Il perdono ha molti lati positivi:

  • Fa stare meglio. “Secondo quando hanno dimostrato numerosi studi, quando riusciamo a perdonare, ci sentiamo meglio, come liberati da un peso, possiamo girare pagina e guardare al futuro”[2](Hofmann, 2015).
  • Fa rientrare nella propria vita la serenità e la pace.
  • Cancellando il passato è più facile costruire il futuro.
  • Il perdono cambia le persone da dentro, poiché anche se non fa dimenticare il male ricevuto consente di portarlo in sé senza rancore.
  • A sua volta, le persone che perdonano, sentendosi meglio, in seguito avranno più facilità nel perdonare[3].
  • Chi perdona facilmente sta meglio anche fisicamente[4].
  • Il perdono ristabilisce il contatto con l’altro, rende vivo il dialogo, riapre un processo di crescita.

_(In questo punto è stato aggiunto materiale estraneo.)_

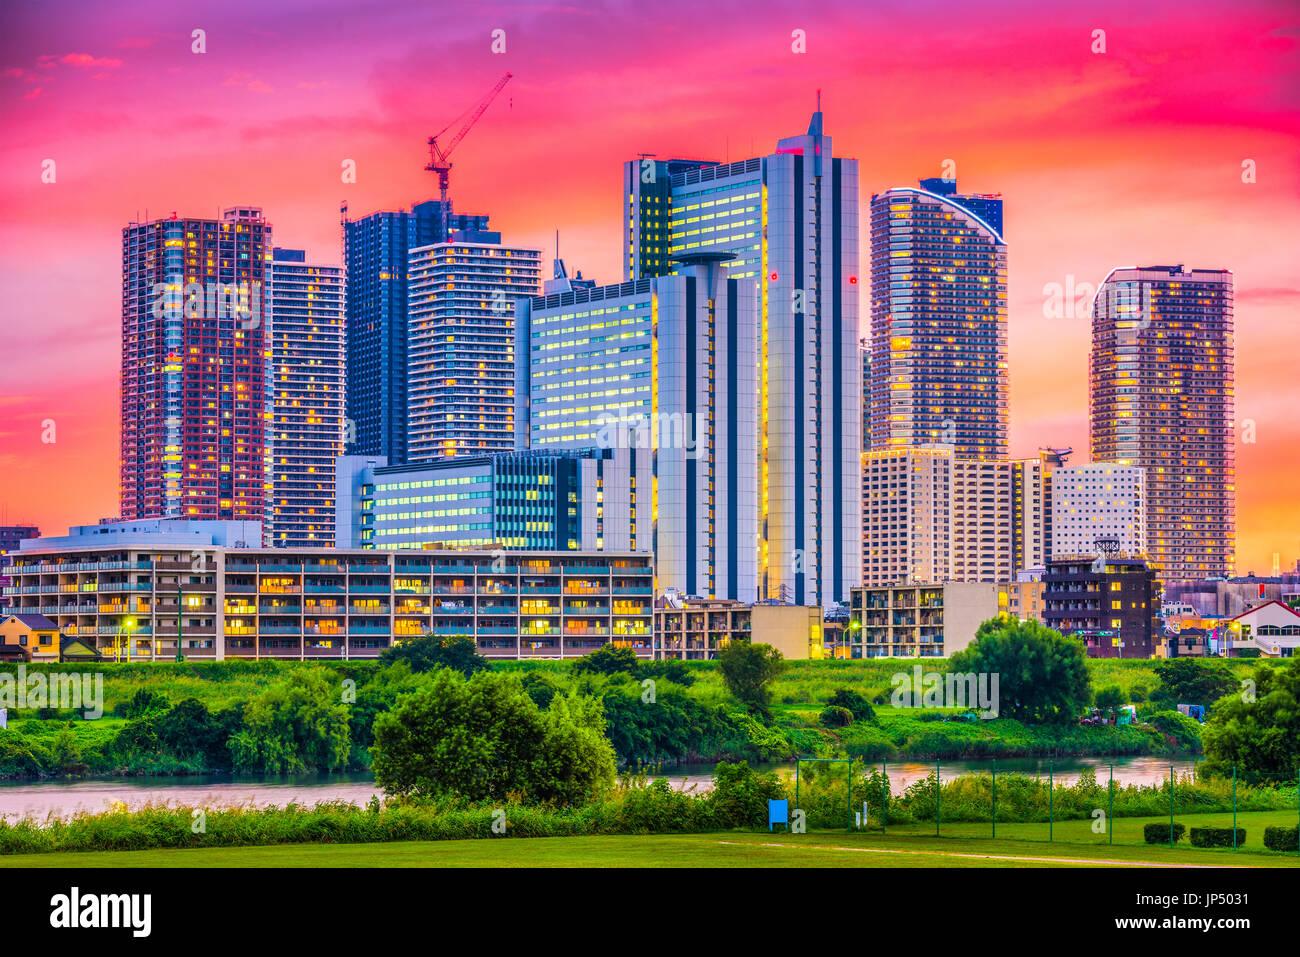 Kawasaki, Japan downtown city skyline. - Stock Image

Nonostante ciò il perdono è difficile a causa del nostro amor proprio, della nostra gelosia, del nostro orgoglio. Le personalità rancorose e psichicamente meno stabili perdonano con più difficoltà. Perdonano più facilmente i bambini piccoli, perché sanno che i rimproveri di papà e le sgridate della mamma non tolgono nulla al fatto che entrambi amano moltissimo i figli. Sono più facili al perdono anche le persone più avanti con gli anni, giacché sanno per esperienza personale che è insito nel nostro DNA lo sbagliare e che di errori ognuno di noi ne commette tanti nella vita. Inoltre, la maturità permette di controllare meglio le proprie emozioni.

Con più difficoltà riescono a perdonare i giovani, i quali non accettano e non sopportano gli errori degli altri, mentre sono ben disposti a coprire, cancellare e scusare i propri. Hanno inoltre difficoltà a perdonare le persone che hanno un alto livello di narcisismo.

È più facile perdonare quando si è costruito un amore solido e forte. “Se i due sono molto vicini, se il loro rapporto è soddisfacente o hanno investito molto per crearlo e conservarlo, sarà più facile chiudere un occhio sulle offese”[5]. Naturalmente si perdona più facilmente quando chi ha offeso ammette la colpa e si mostra pentito.



[1] Pirrone, C.,  (2014), “Come dire: Ti prometto di essere fedele sempre”, Famiglia oggi,  n. 3, p. 56.

[2] Hofmann A. (2015), “Ti perdono oppure no?” ”Mente e Cervello, n. 131, novembre.

[3] Hofmann A. (2015), “Ti perdono oppure no?” ”Mente e Cervello, n. 131, novembre, p. 99.

[4] Hofmann A. (2015), “Ti perdono oppure no?” ”Mente e Cervello, n. 131, novembre, p.99.

[5] Hofmann A. (2015), “Ti perdono oppure no?” ”Mente e Cervello, n. 131, novembre, p. 99.